Using this strategy, the case for assigning a 0 to a node is still the same. You have to determine that the value for both child nodes is a win:
$$l(h) = 2w(h-1)$$
The case of assigning a 1 to a node is a little more complicated. If you have both loser children, as soon as you look at the first one you can determine the node is a winner.
\begin{equation}
w(h) = l(h-1)\label{}
\end{equation}
If you have one winner and one loser child, you have a 50\% chance of picking the loser first and avoiding having to look at the winner. You also have a 50\% chance of picking the winner first and needing to look at the loser to determine a value for the node.
\begin{equation}
w(h) = l(h-1) + 1/2w(h-1)
\label{}
\end{equation}
Since equation (2) gives us a higher run time than equation (1), we will use it to find an upper bound on run time of our algorithm.
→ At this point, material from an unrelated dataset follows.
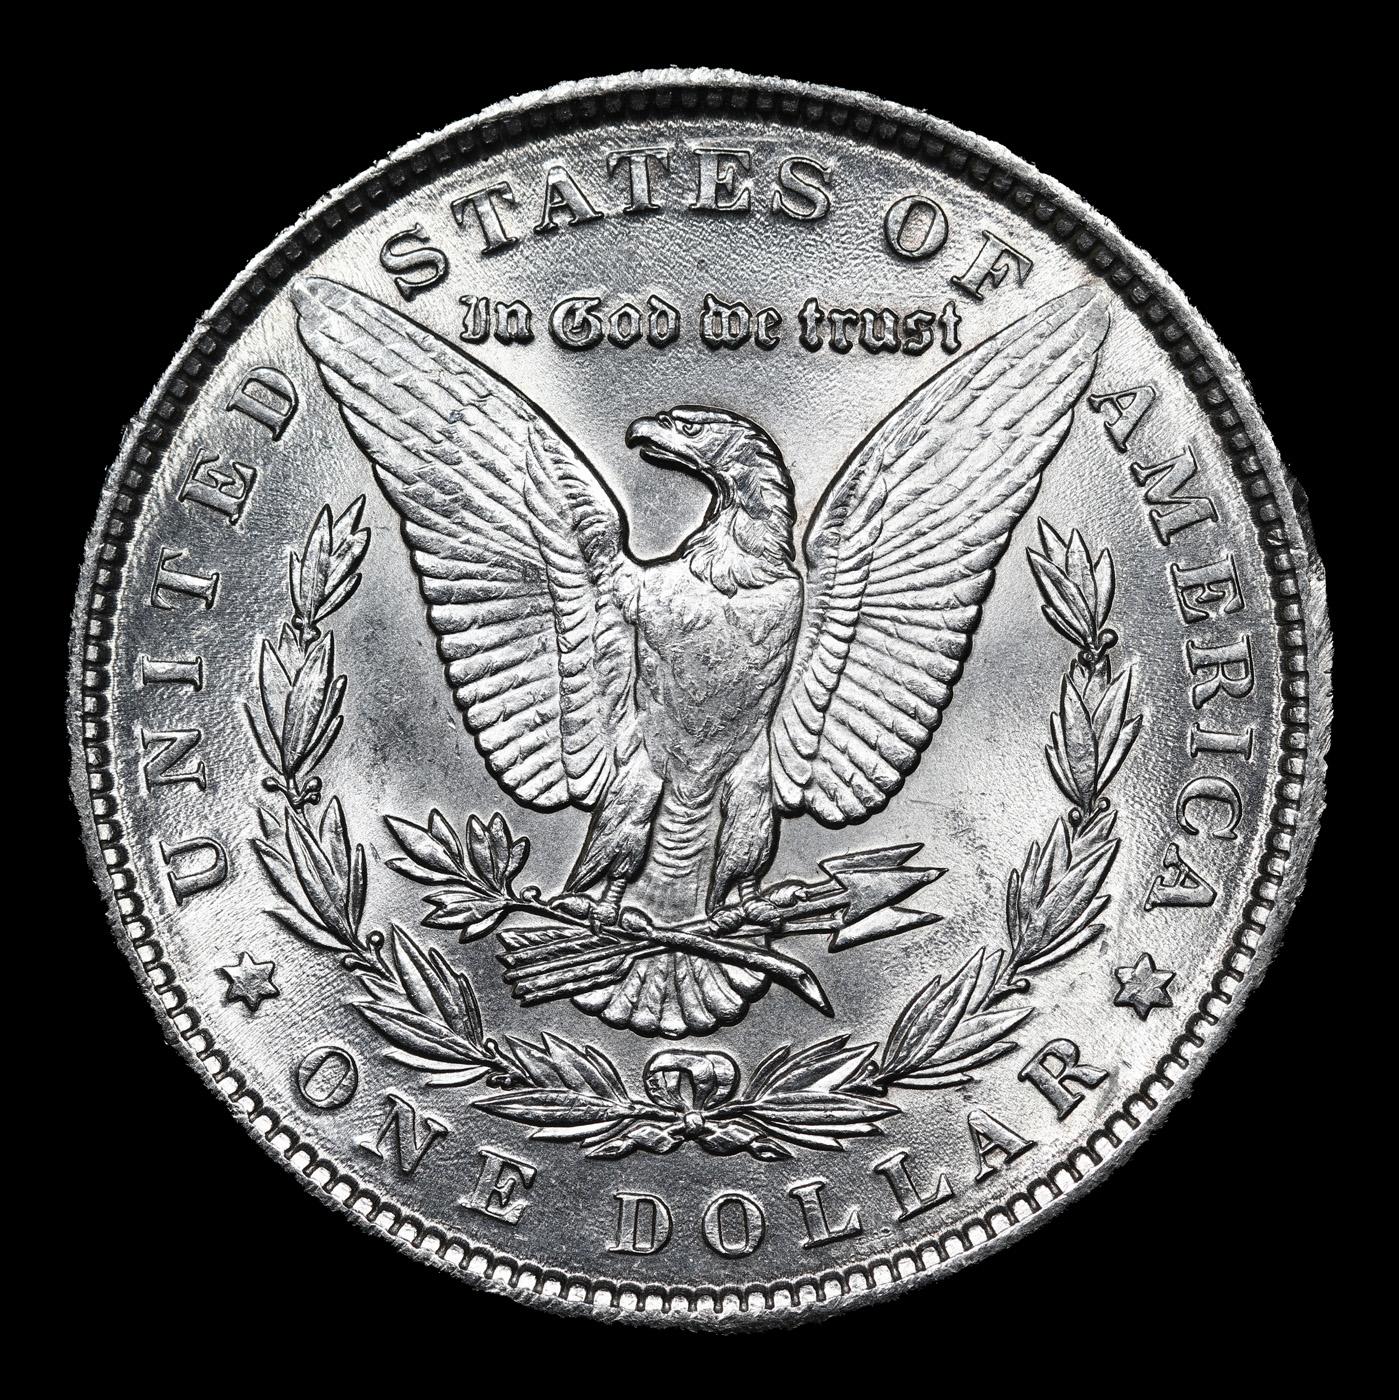 1889-p Morgan Dollar $1 Grades GEM Unc
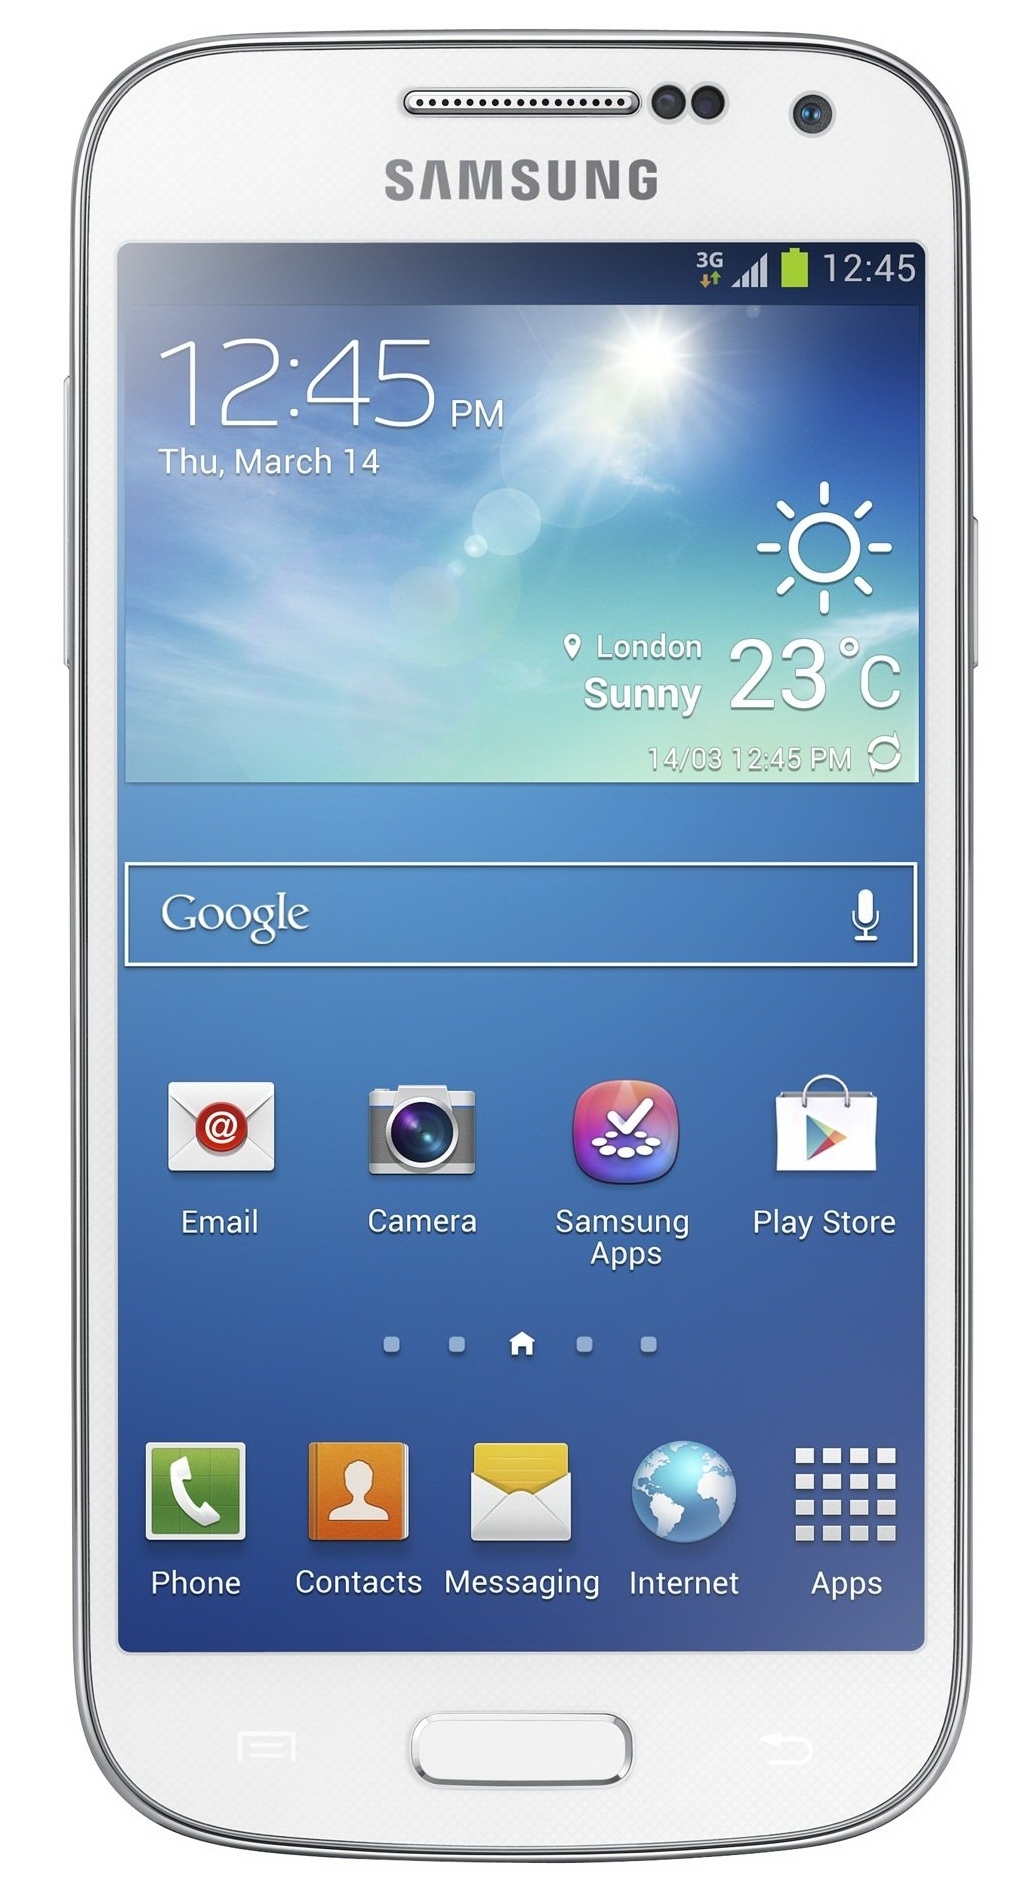 Samsung I9195 Galaxy S4 Mini (White) - зображення 1

Therefore
$$w(h) \leq l(h-1) + 1/2w(h-1)$$
Solving for $w(h)$ using the equations for $w(h)$ and $l(h)$, we obtain
\begin{align*}
w(h) & \leq l(h-1) + 1/2w(h-1) \\
\intertext{Since $w(h)\leq l(h)$,}
& \leq l(h-1) + 1/2l(h-1) \\
& \leq 3/2 l(h-1) \\
& \leq 3w(h-2)\\
& \leq 3^{h/2}\\
& \leq (2^h)^{\frac{\log 3}{2}} \\
& \leq n^{.793}
\end{align*}
As you can see, this is faster than deterministic but not as good as non-deterministic. Now we want to know what is the lower bound run time for a randomized algorithm?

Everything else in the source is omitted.